REPO_ID = "jbloom/GPT2-Small-SAEs"
FILENAME = f"final_sparse_autoencoder_gpt2-small_blocks.{layer}.hook_resid_pre_24576.pt"
path = hf_hub_download(repo_id=REPO_ID, filename=FILENAME)
model, sparse_autoencoder, activation_store = LMSparseAutoencoderSessionloader.load_session_from_pretrained(
    path = path
)
sparse_autoencoder.eval()

You can also load the feature sparsity from huggingface.

FILENAME = f"final_sparse_autoencoder_gpt2-small_blocks.{layer}.hook_resid_pre_24576_log_feature_sparsity.pt"
path = hf_hub_download(repo_id=REPO_ID, filename=FILENAME)
log_feature_sparsity = torch.load(path, map_location=sparse_autoencoder.cfg.device)

Background

We highly recommend this tutorial.

High Level

Motivation

  • Accelerate SAE Research: Support fast experimentation to understand SAEs and improve SAE training so we can train SAEs on larger and more diverse models.
  • Make Research like Play: Support research into language model internals via SAEs. Good tooling can make research tremendously exciting and enjoyable. Balancing modifiability and reliability with ease of understanding / access is the name of the game here.
  • Build an awesome community: Mechanistic Interpretability already has an awesome community but as that community grows, it makes sense that there will be niches. I'd love to build a great community around Sparse Autoencoders.

Goals

SAE Training: SAE Training features will fit into a number of categories including:

  • Making it easy to train SAEs: Training SAEs is hard for a number of reasons and so making it easy for people to train SAEs with relatively little expertise seems like the main way this codebase will create value.
  • Training SAEs on more models: Supporting training of SAEs on more models, architectures, different activations within those models.
  • Being better at training SAEs: Enabling methodological changes which may improve SAE performance as measured by reconstruction loss, Cross Entropy Loss when using reconstructed activation, L1 loss, L0 and interpretability of features as well as improving speed of training or reducing the compute resources required to train SAEs.
  • Being better at measuring SAE Performance: How do we know when SAEs are doing what we want them to? Improving training metrics should allow better decisions about which methods to use and which hyperparameters choices we make.
  • Training SAE variants: People are already training “Transcoders” which map from one activation to another (such as before / after an MLP layer). These can be easily supported with a few changes. Other variants will come in time and

Analysis with SAEs: Using SAEs to understand neural network internals is an exciting, but complicated task.

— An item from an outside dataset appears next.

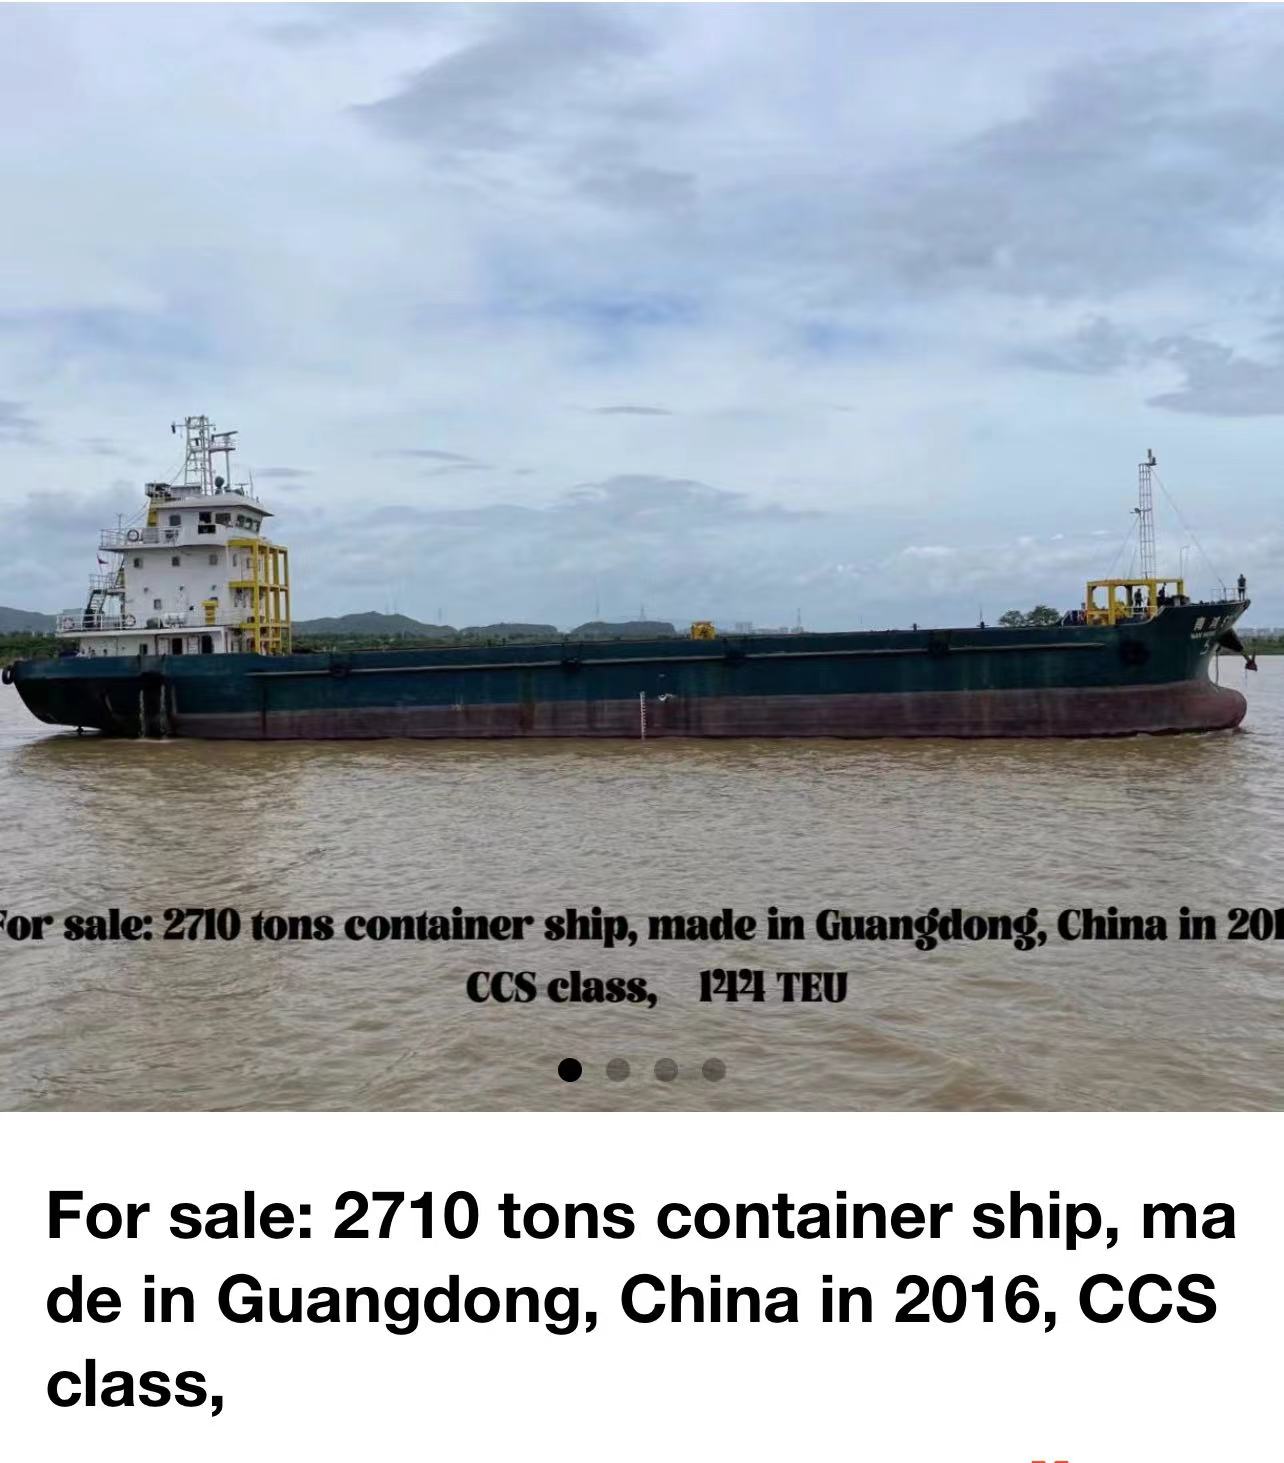 For sale: 2710 tons container ship, made in Guangdong, China in 2016, CCS class,  144TEU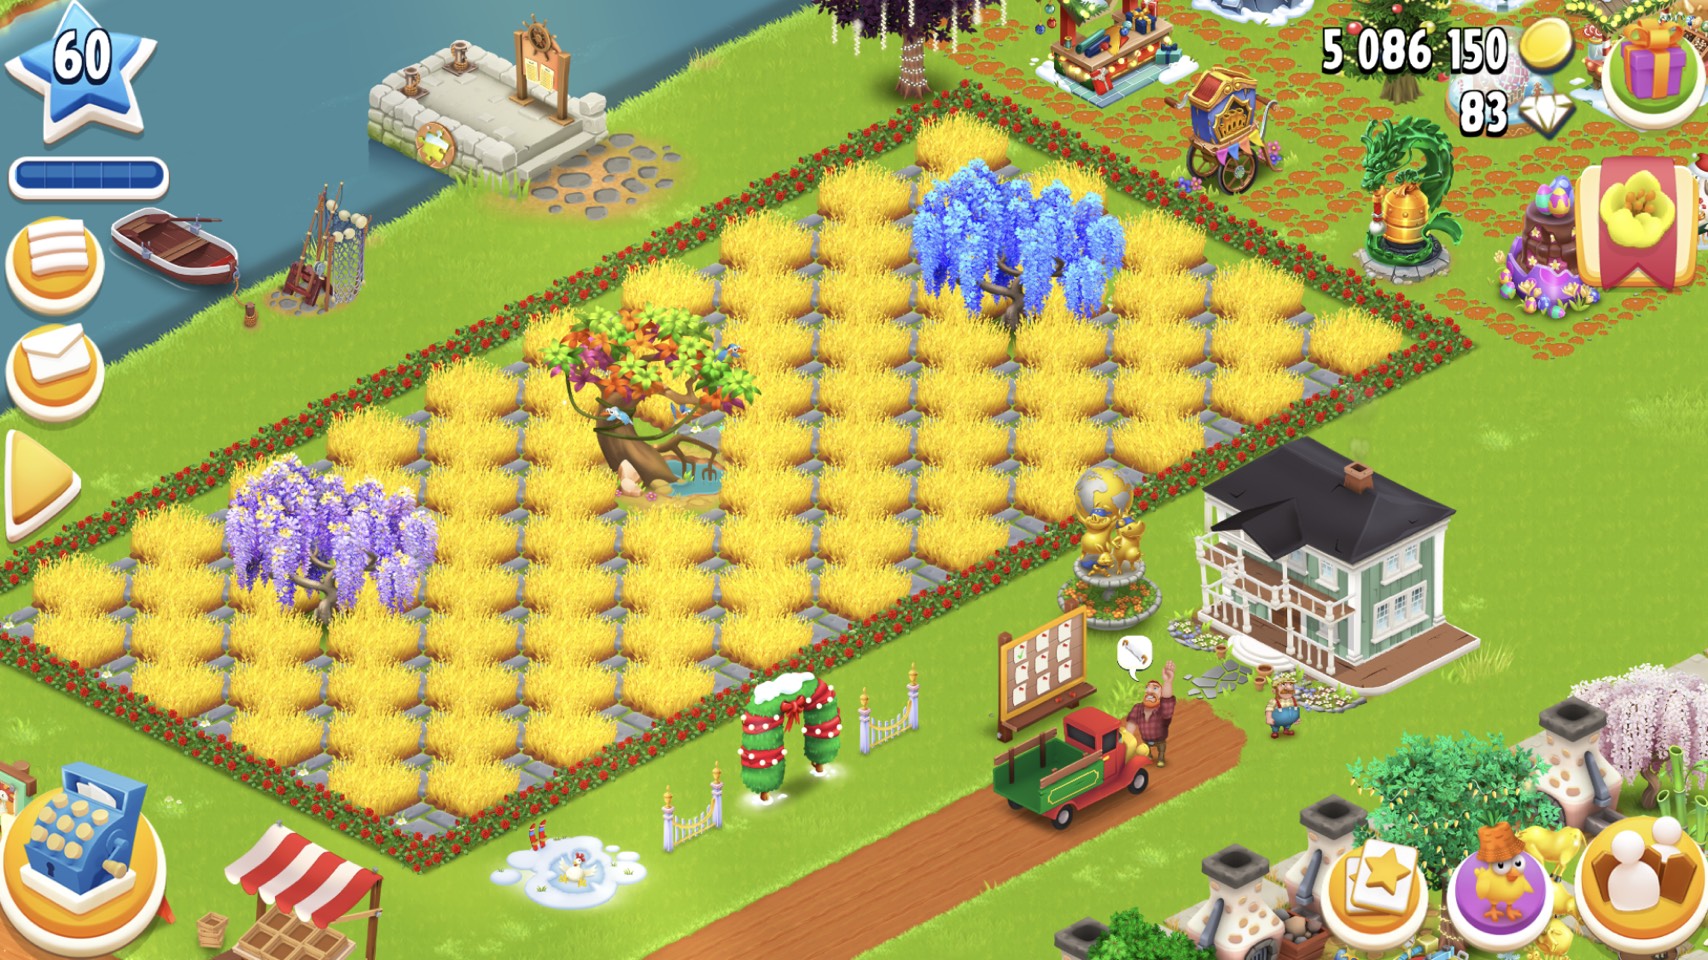 Level 60 barn 3350+silo 1400. Available 5m coins+600 vouchers+9 ticket. Lvl town 7. Has magic trees. Beautifull and good price.

  • Feature-wise Interpretability: This looks something like "for each feature, have as much knowledge about it as possible". Part of this will feature dashboard improvements, or supporting better integrations with Neuronpedia.
  • Mechanistic Interpretability: This comprises the more traditional kinds of Mechanistic Interpretability which TransformerLens supports and should be supported by this codebase. Making it easy to patch, ablate or otherwise intervene on features so as to find circuits will likely speed up lots of researchers.

Other Stuff

I think there are lots of other types of analysis that could be done in the future with SAE features. I've already explored many different types of statistical tests which can reveal interesting properties of features. There are also things like saliency mapping and attribution techniques which it would be nice to support.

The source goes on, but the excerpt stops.